"Do you think artificial intelligence has a chance to beat humans? You suggested that it might."
- "You know, I'm even convinced of it. If we exist as thinking beings, as so-called universal natural intelligence, there is no argument that this cannot also be constructed artificially. On the one hand, I believe that it will be to our advantage; on the other hand, I fear that this situation is approaching faster than we can imagine, and that something equivalent to our encounter with an alien civilization will occur. Nevertheless, I think that man will remain man and his education will remain very essential. If what I may be mistakenly predicting here comes true, there is only one thing we will need to understand - what the AI is telling us. And uneducated humans will not be able to do that."
"At that time I was an assistant professor at the department of non-woven materials. I know that the university was divided then. On the one hand, members of the Communist Party were meeting and discussing what they could do. And on the other side there was a group of us who were trying to support the students to do their work of raising awareness, to go to factories, to go outside the university, to have typewriters and reproduction equipment for printed materials so they could deliver their leaflets."
"Back then we really lived in complete isolation. Contact with the Western world was through Professor Krčma's patents. When I started, in my first or second year - I was involved in, among other things, computer simulation methods for mechanical properties of non-woven fabrics - Krčma sent me to the Ministry of Industry in Prague with the idea that I should ask the communists to release some money from his patents so that we could buy computer equipment. He probably meant it as a joke or a tease. I visited the Ministry. I remember sitting in the corridor for half an hour, and a huge - I'm making this up - oak door opened, and I had a catalogue of computer equipment with me; there were no personal computers then. I unfolded it in front of a clerk who was sitting in a huge room and said that Professor Krčma was asking that part of his profits be donated to this computer technology. And the only thing that was said was: ‘The party has used these funds elsewhere. Goodbye.’ So I shut up again, went to Liberec, told the professor and he laughed heartily."

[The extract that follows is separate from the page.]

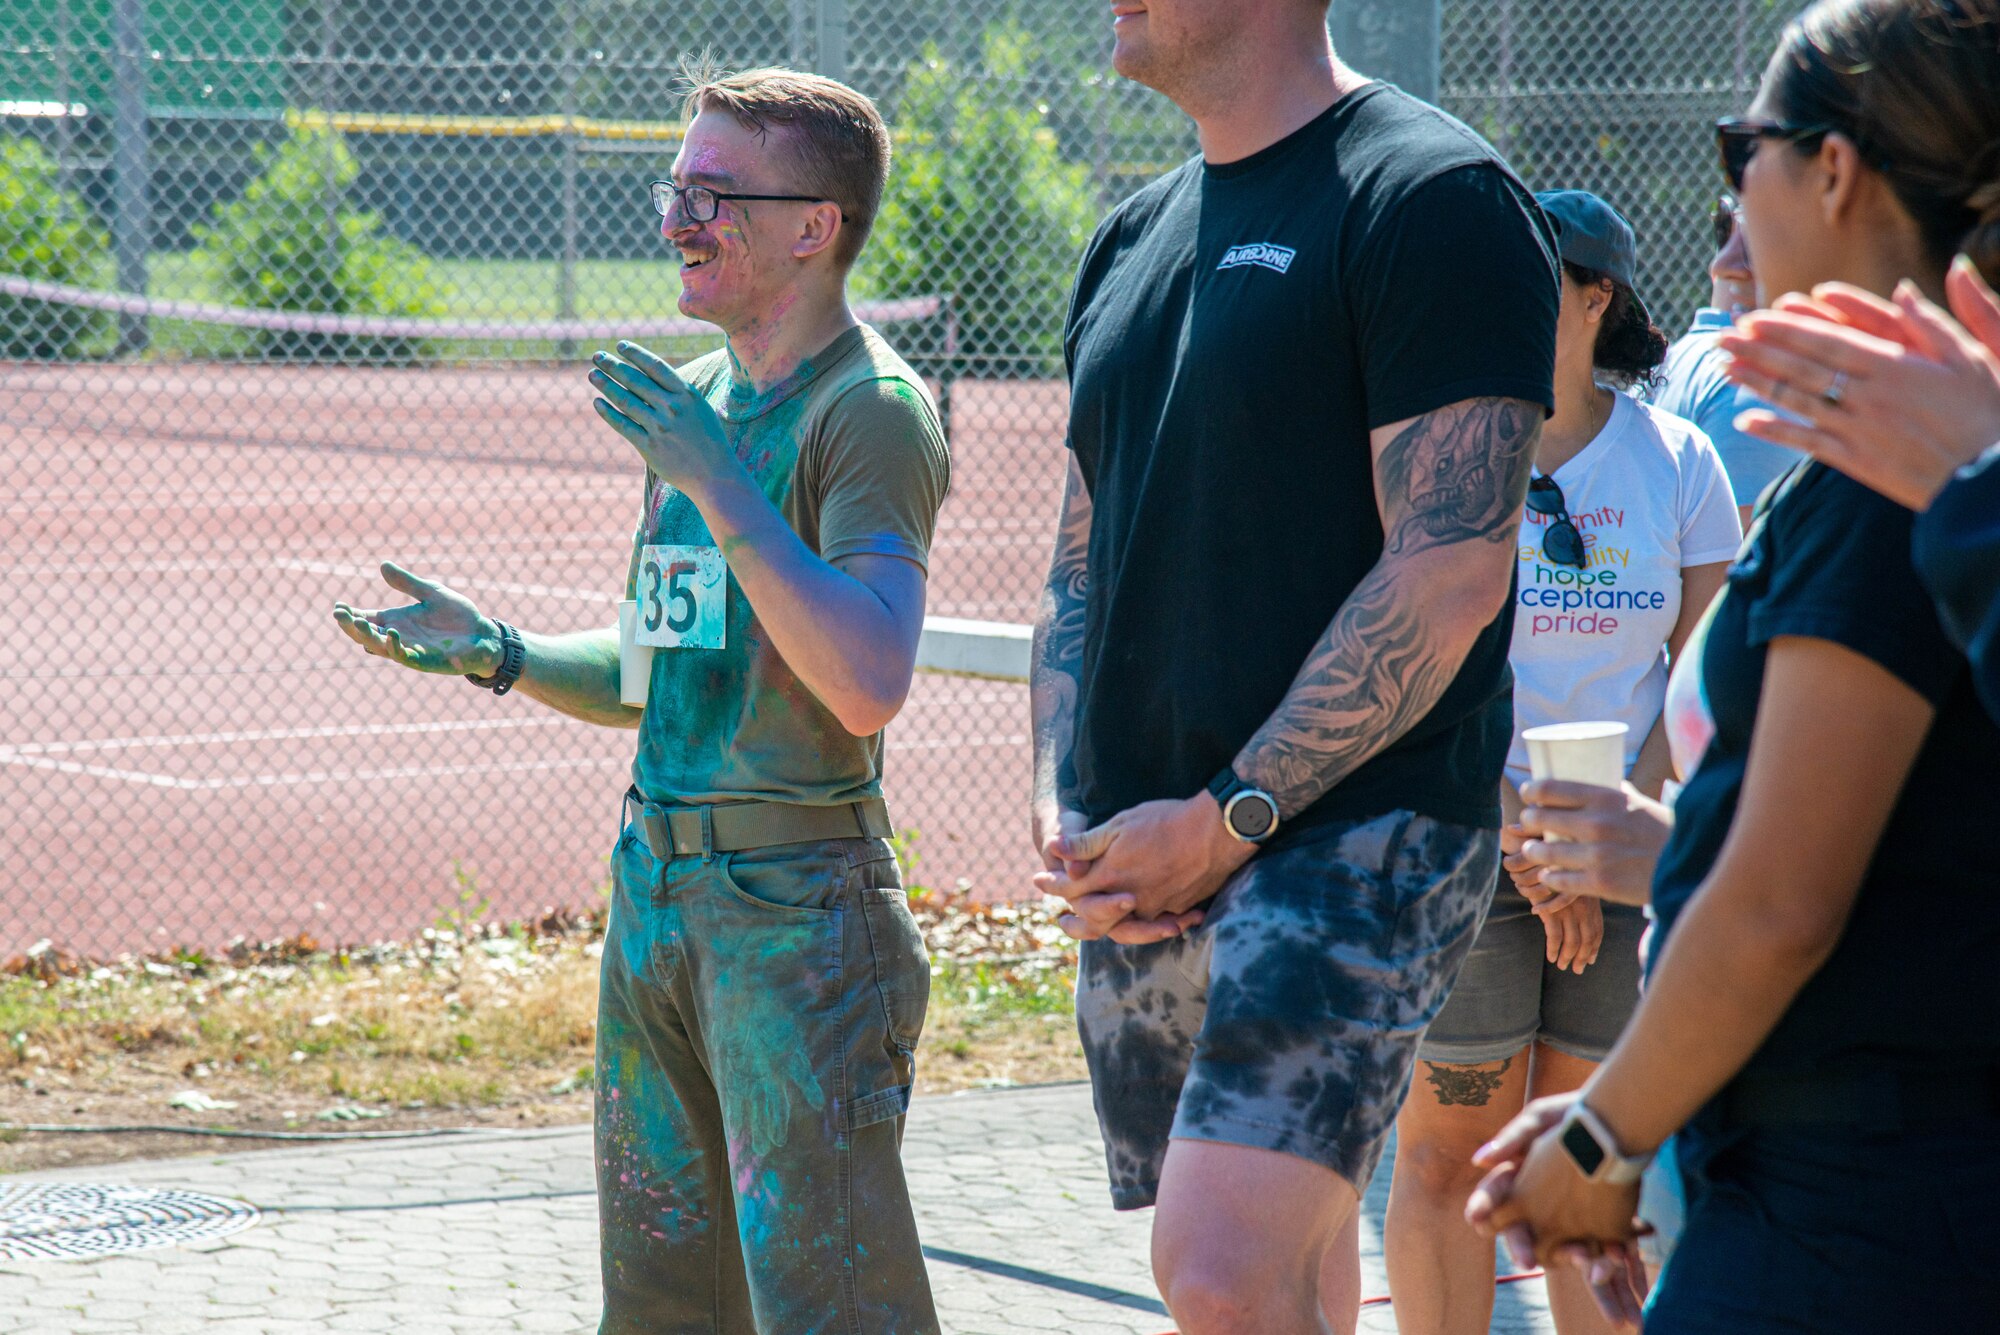 Airman claps for the winners of the color run

David Lukáš was born on 18 April 1958 in Liberec. His parents Václav Lukáš and Květa Lukášová were teachers and came to North Bohemia after the war to work. His father survived the bombing of Bremen during forced labour during the Second World War. The witness studied biophysics and chemical physics at the Faculty of Mathematics and Physics of Charles University. For more than 30 years he worked at the department of non-woven fabrics at the Technical University of Liberec. He participated in the democratization process at this school during the Velvet Revolution and then was one of the leading figures of the university, which he also led as rector between 1997 and 2002. As a scientist, he was involved in a number of patents, including the technology that enabled the industrial production of nanofibres. He received the Medal of Merit, First Class, for services to the state in the field of science. In 2025 he lived in Liberec.